Exhibit 99.1
PRESS RELEASE
_________________________________________________________________________________
joanne freiberger, CPA, CTP, IRC
VP, TREASURER
jfreiberger@masonite.com
813.739.1808
farand pawlak, CPA
DIRECTOR, INVESTOR RELATIONS
fpawlak@masonite.com
813.371.5839
Masonite International Corporation Reports 2019 First Quarter Financial Results
(Tampa, FL, May 1, 2019) - Masonite International Corporation ("Masonite" or "the Company") (NYSE: DOOR) today announced results for the three months ended March 31, 2019.

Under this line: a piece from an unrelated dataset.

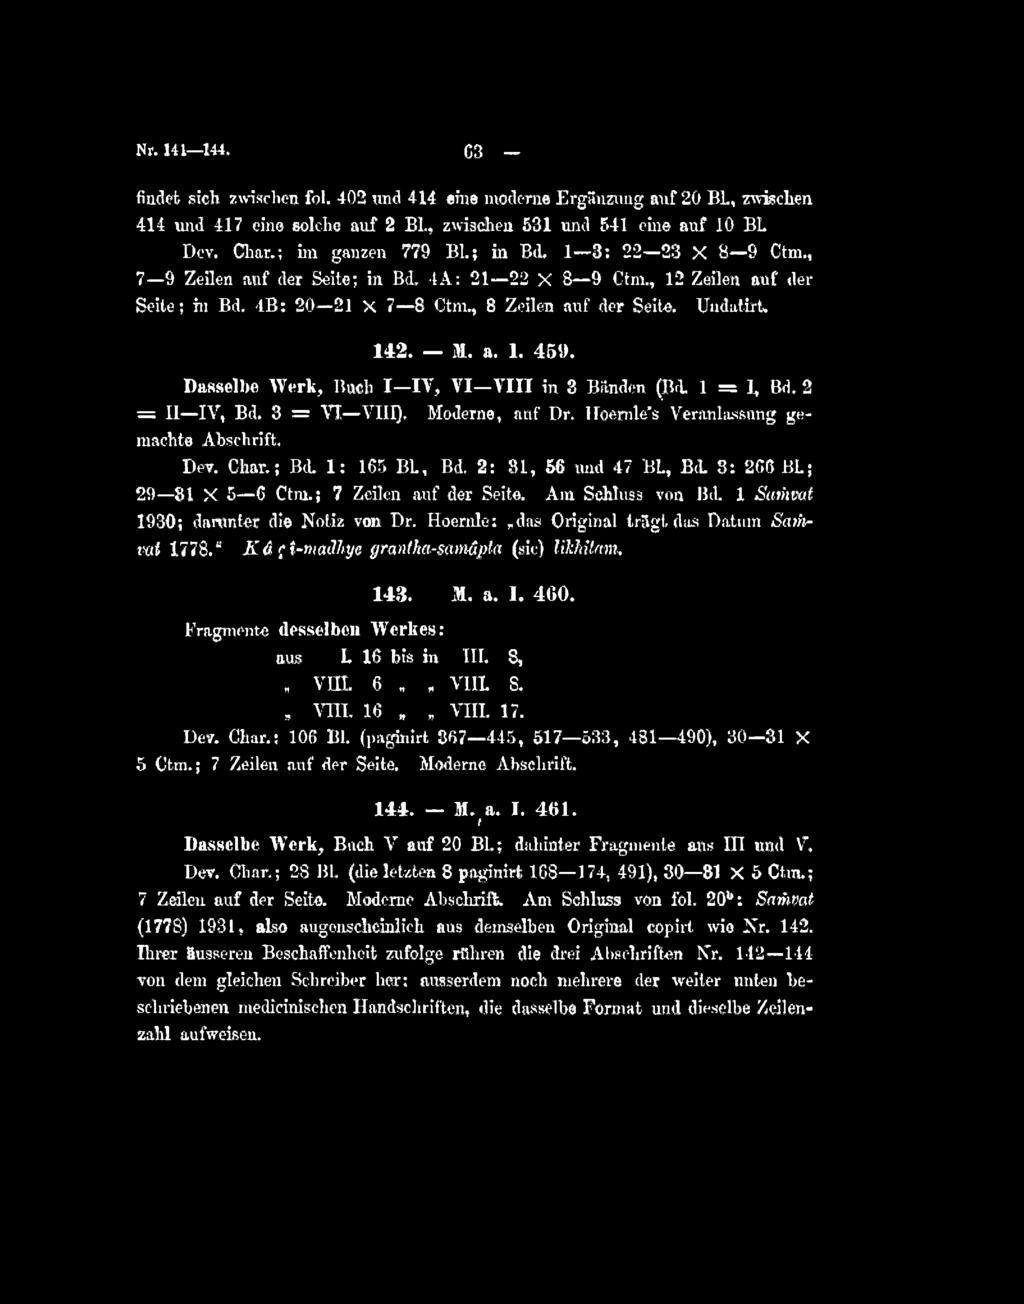 DMselbe yvwk, Buch I ly, TI TIH in 3 Banden (Bd. 1 I, Bd. 2 = n IV, Bd. 8 = VI Vm). Moderne, auf Dr. Hoemte's Veranlaseung gemachte Abschrift. Dev. Cliar. ; Bd. 1: 165 Bl, Bd. 2: 31.

Executive Summary - 1Q19 versus 1Q18
| |
• | Net sales increased 2% to $530 million versus $518 million. Excluding foreign exchange, net sales increased 4%. |
| |
• | Net income attributable to Masonite was $4 million compared to $21 million. The decline was due to charges related to our previously announced restructuring actions and divestiture of non-core businesses. |
| |
• | Diluted earnings per share decreased to $0.15 from $0.73. |
| |
• | Adjusted earnings per share* increased to $0.81 from $0.73. Adjusted earnings per share* excludes pre-tax charges of $22 million related to our restructuring and divestiture of non-core businesses. |
| |
• | Adjusted EBITDA* increased 7% to $65 million versus $61 million. |
| |
• | Repurchased 646,102 shares of stock in the first quarter for approximately $33 million. |
“We are pleased with our first quarter performance. Adjusted EBITDA margin expanded both year-on-year and sequentially, despite slower end market demand and anticipated inflationary pressures,” said Fred Lynch, President and CEO. “Our teams are executing well on our key strategic initiatives including announced restructuring actions. Our continued focus on operations, coupled with previously implemented pricing, suggests we are well positioned for 2019.”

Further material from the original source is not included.